I consider mastering to be creating and finalizing a group of works to be recorded together and to have an overall 'feel' to the set. To me, mastering is perfecting the overall grouping of songs in which that when they are recorded, the track order, timing, fade-ins, fade-outs, volume, and the sound of each track 'gels' with all the rest of the tracks in that group. Up to this point, I have been mastering songs by individual tracks because I might have a song that sounds good, except for one track might be too bright...so rather than affecting the 'good' tracks, I go and adjust only the track that would be too bright. I then re-listen to the entire group of songs and go from there.

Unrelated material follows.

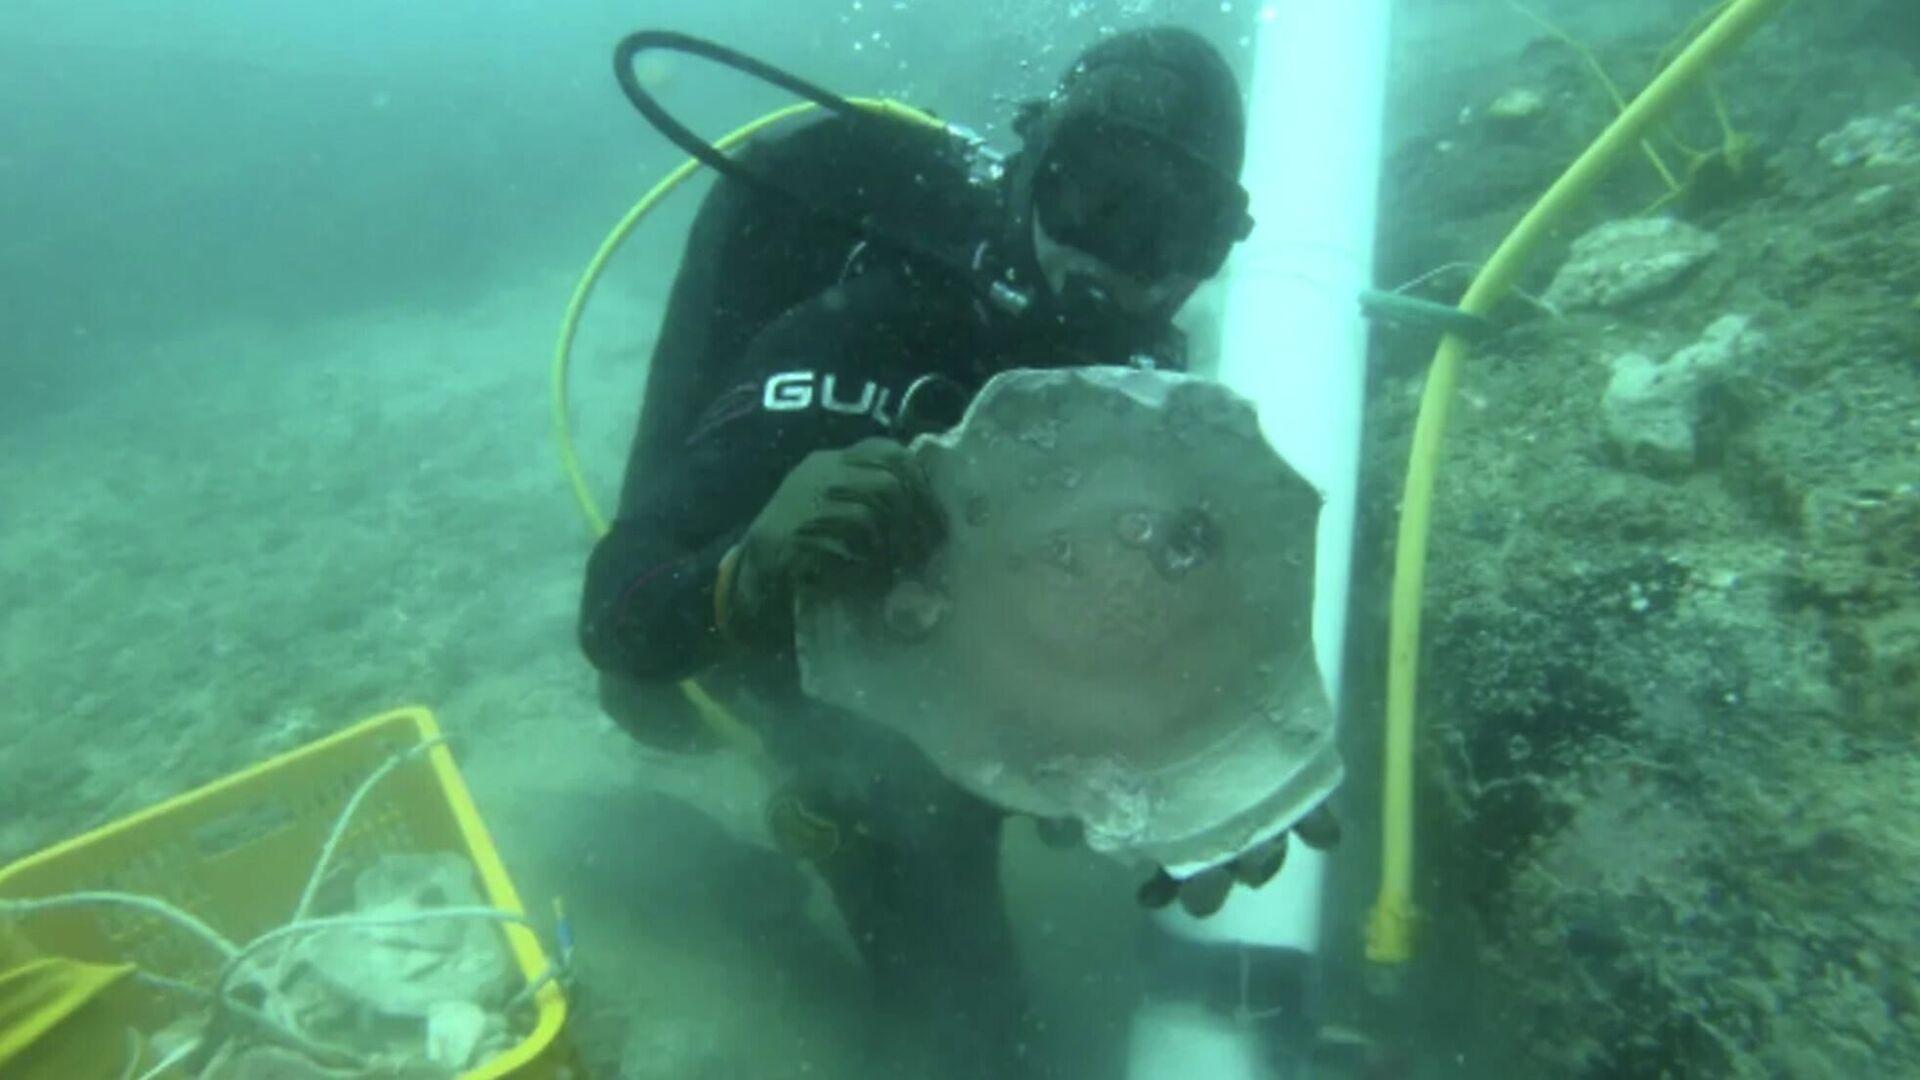 Potápěč zkoumá vrak lodě  u pobřeží Singapuru - Sputnik Česká republika, 1920, 20.06.2021

Up to this point I have not bounced any tracks to do my mixing/mastering. When I export my music from Cakewalk to a wave file, I do it from all the separate tracks that were recorded, and not from one, single bounced track. I feel that when you do bounce your tracks and then attempt to master them, if there is a problem with just one track within the bounced collection of tracks, there is no way to go back and adjust only that one track. I guess that is my fear. (And the original item I mentioned, that sound quality would be lost).
And so I ask everyone, do you all bounce down to your one or two tracks and then master, or do some of you still do it by working with individual tracks?
As for my method, 1st I record each song and then mix and perfect each song by itself by tweaking the tracks to the way I want them. Then I listen to the entire group of songs and go back and work with each track of each song until they all go together. So really, either way would work I would think.